Leonardo

Personal information
- Full name: Leonardo Ramos dos Santos
- Date of birth: 9 June 1992 (age 33)
- Place of birth: Ourinhos, Brazil
- Height: 1.86 m (6 ft 1 in)
- Position: Forward

Senior career*
- Years: Team / Apps / (Gls)
- 2010–2012: Dinamo Minsk / 30 / (6)
- 2012–2013: Dila Gori / 14 / (1)
- 2013–2014: SKA-Energiya Khabarovsk / 12 / (0)
- 2014–2015: Samtredia / 9 / (1)
- 2015: Hapoel Bnei Lod / 3 / (0)

= Leonardo (footballer, born June 1992) =

Brazilian footballer

Leonardo Ramos dos Santos, known as Leonardo (born 9 June 1992) is a Brazilian former professional footballer who played as a forward.

==Career==

===Dinamo Minsk===
Leonardo was born in Ourinhos.

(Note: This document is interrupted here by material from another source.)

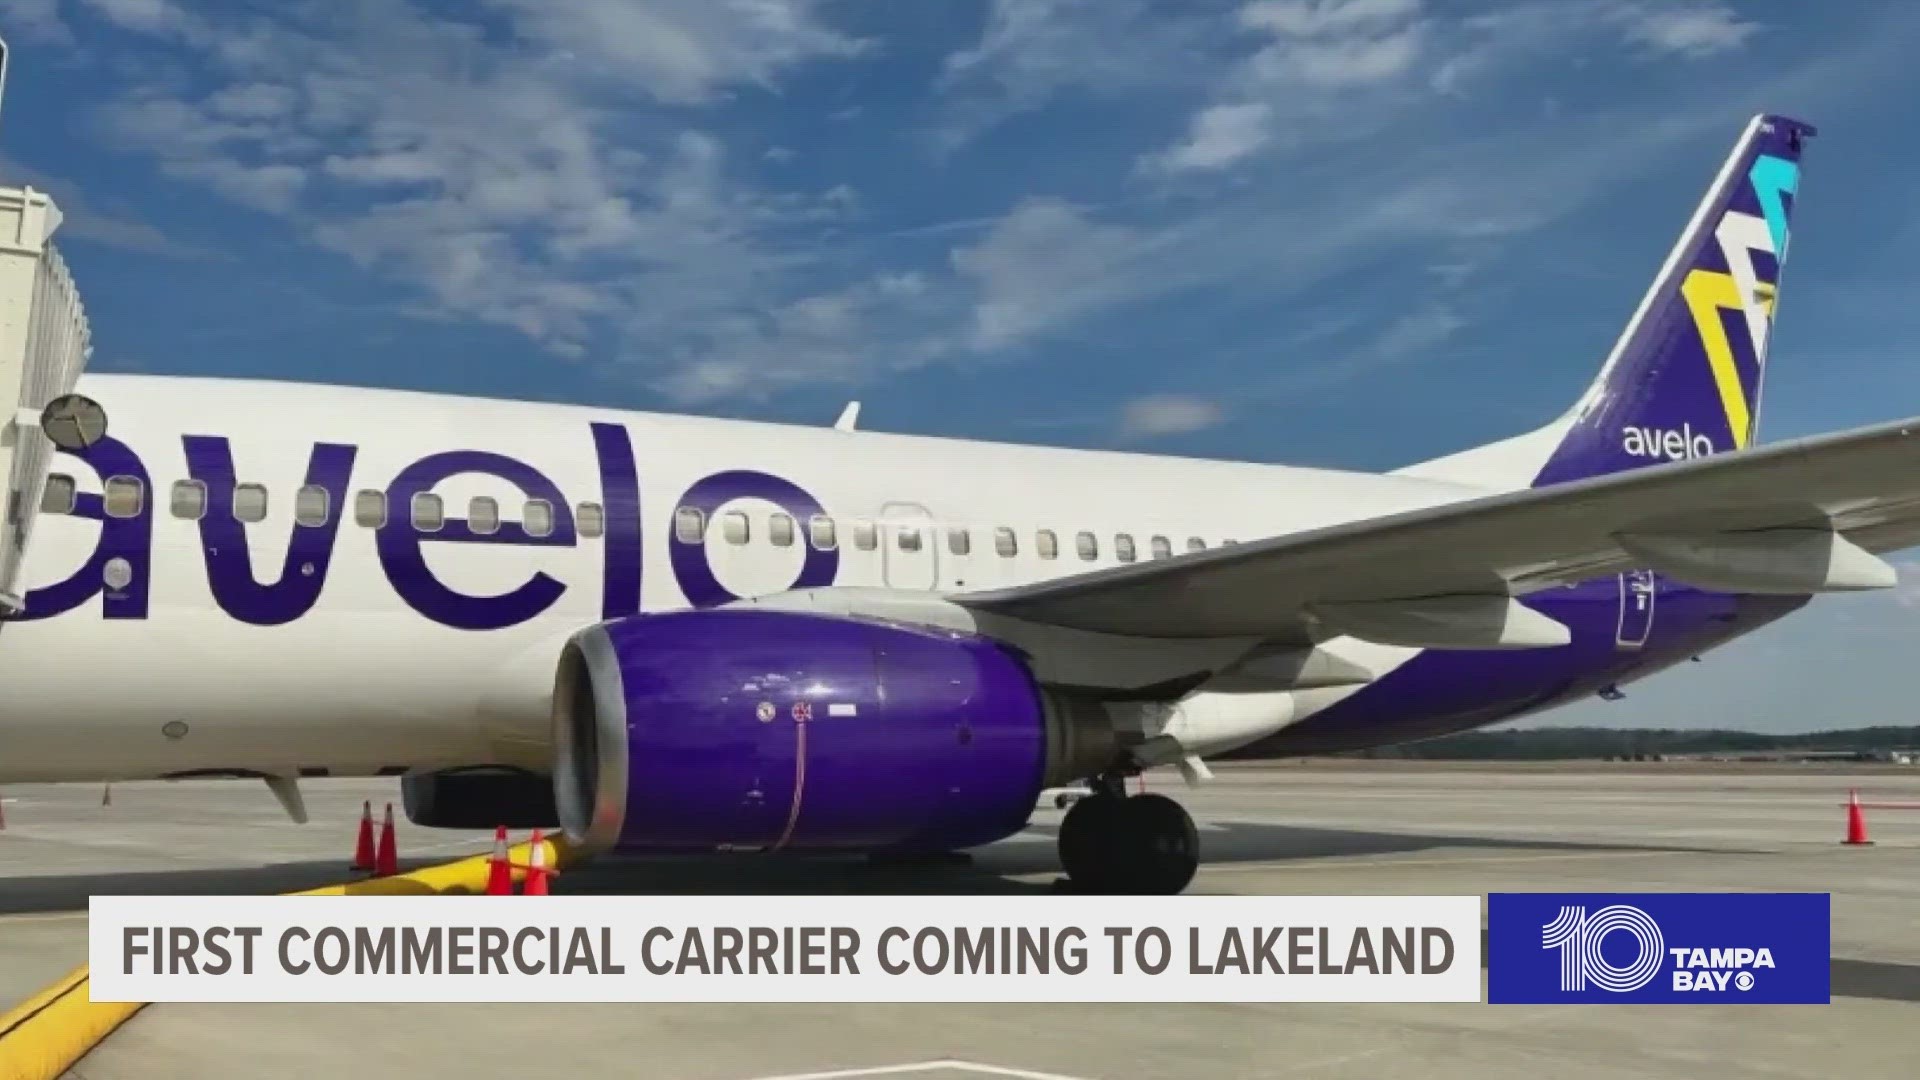 The partnership between the airline and Lakeland International Airport marks the return of commercial flights after 12 years.

He made his league debut against Naftan on 19 June 2010. He scored his first league goal against Vitebsk on 21 May 2011, scoring in the 69th minute.

===Dila Gori===
Leonardo made his league debut against WIT Georgia on 31 October 2012. He scored his first league goal against Chikhura on 18 May 2013, scoring in the 30th minute.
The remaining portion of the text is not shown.